*** Begin section ***

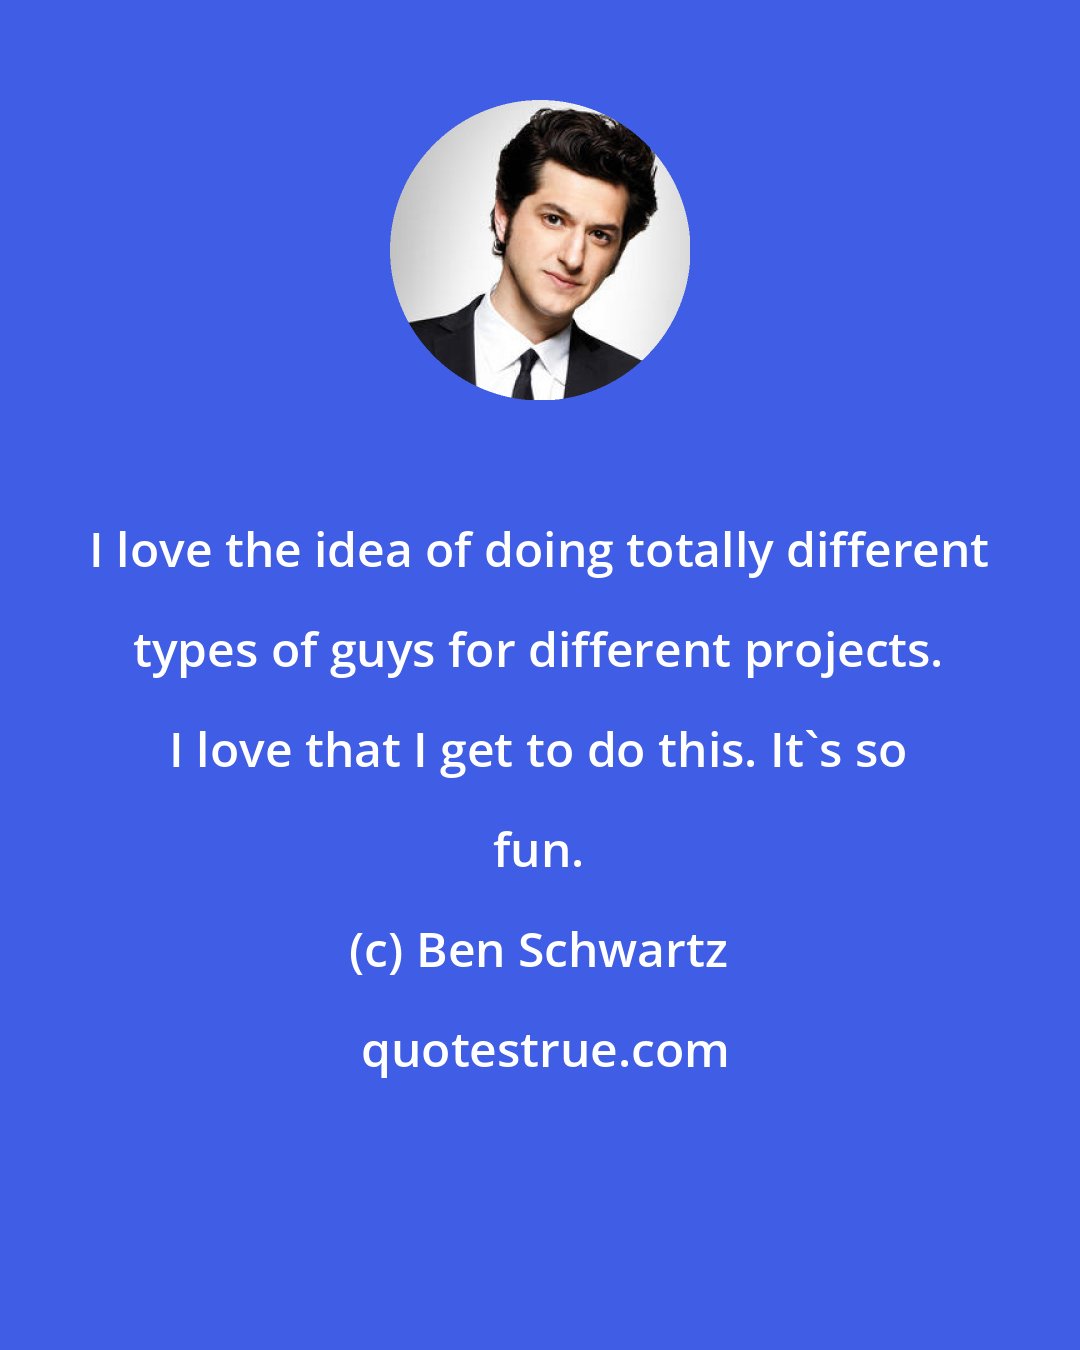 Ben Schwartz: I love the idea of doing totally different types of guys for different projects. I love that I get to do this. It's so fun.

*** End section ***
*** Begin section ***

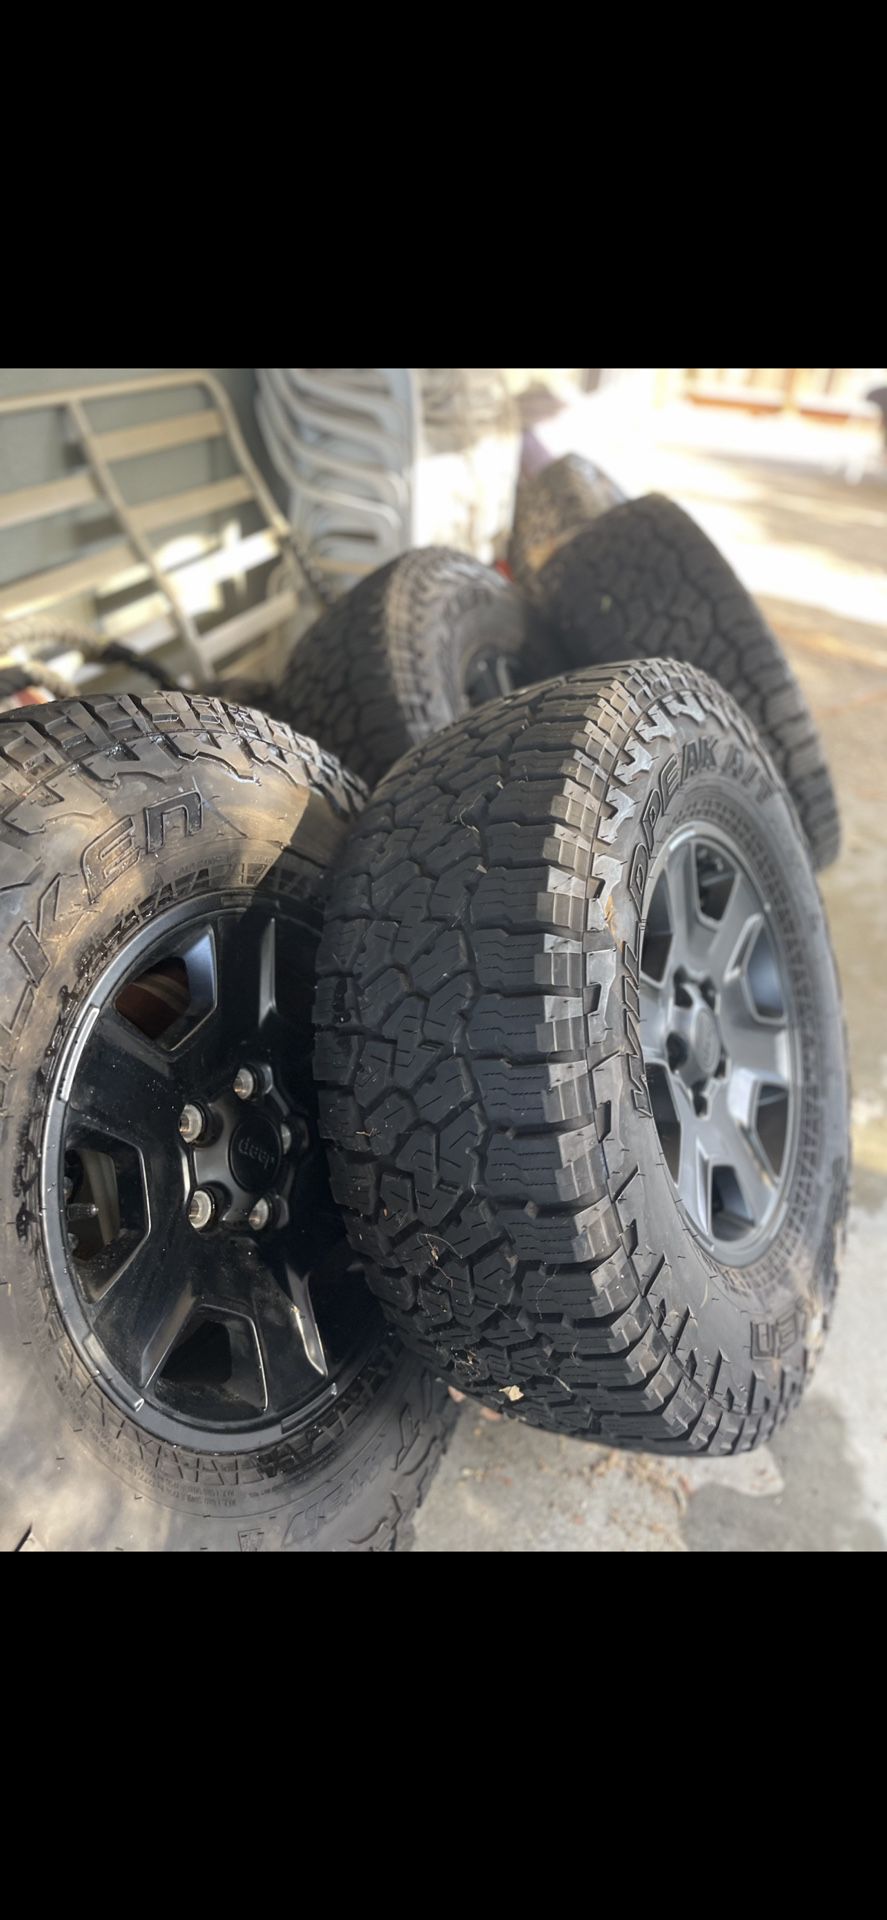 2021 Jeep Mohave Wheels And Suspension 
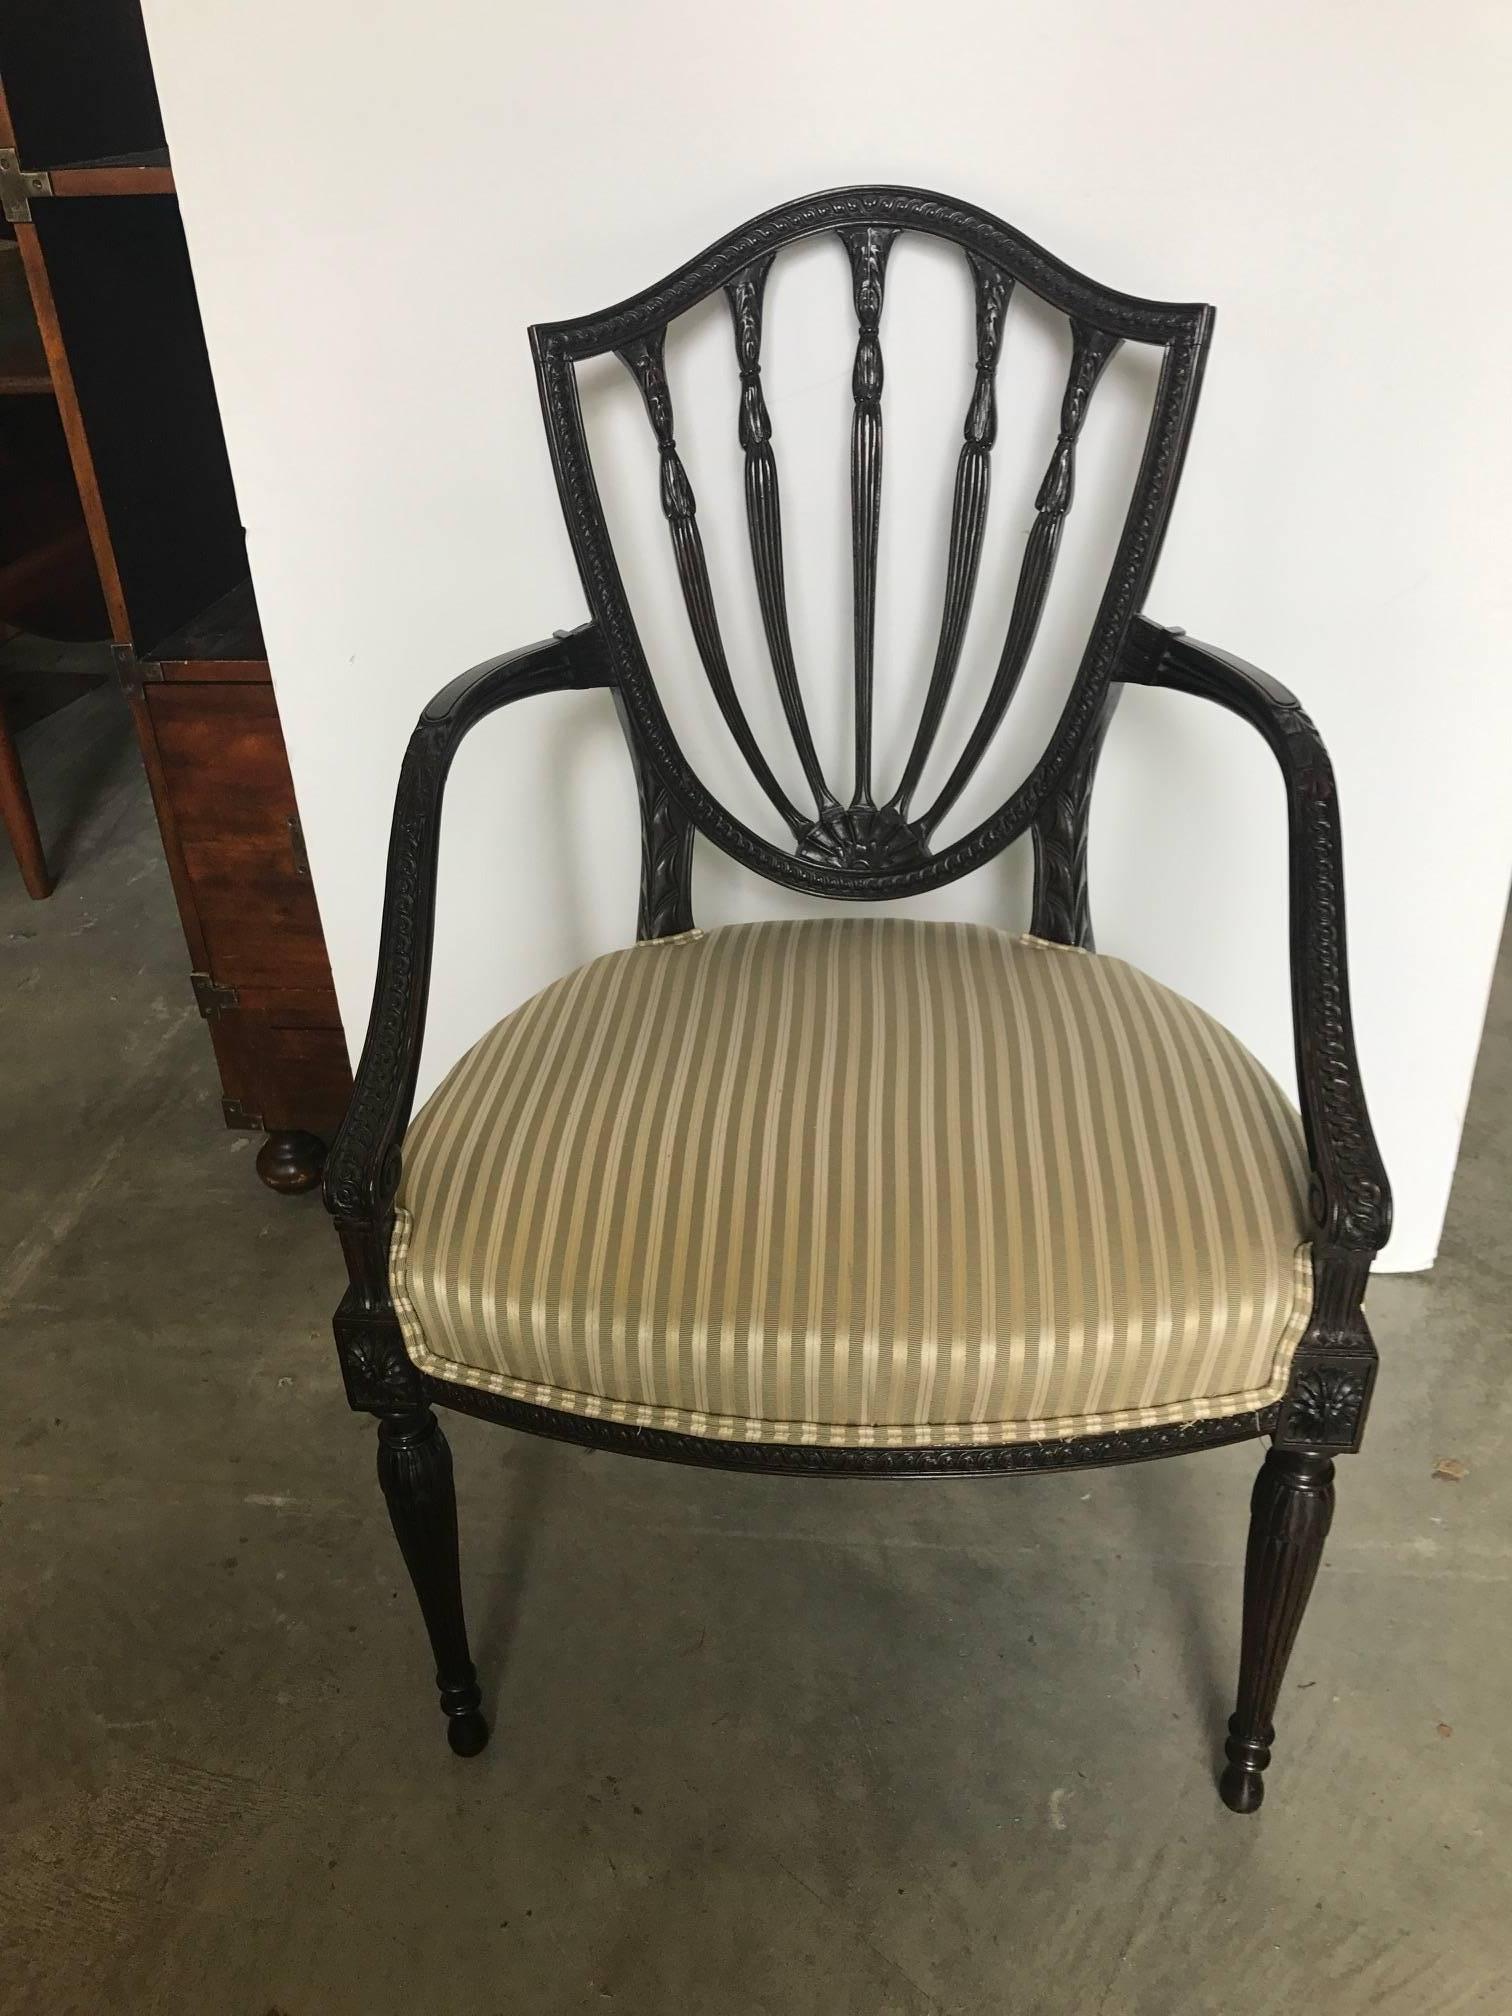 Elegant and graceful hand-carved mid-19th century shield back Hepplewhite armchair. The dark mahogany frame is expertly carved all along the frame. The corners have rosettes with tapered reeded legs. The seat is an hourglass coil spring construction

*** End section ***

- Requirement
Above are some records. Reproduce the lines from the one with "2021 Jeep Mohave Wheels And Suspension" down to the one with "Elegant and graceful", keeping both, and leave every picture out.

- Worked solution
 2021 Jeep Mohave Wheels And Suspension 
 Elegant and graceful hand-carved mid-19th century shield back Hepplewhite armchair. The dark mahogany frame is expertly carved all along the frame. The corners have rosettes with tapered reeded legs. The seat is an hourglass coil spring construction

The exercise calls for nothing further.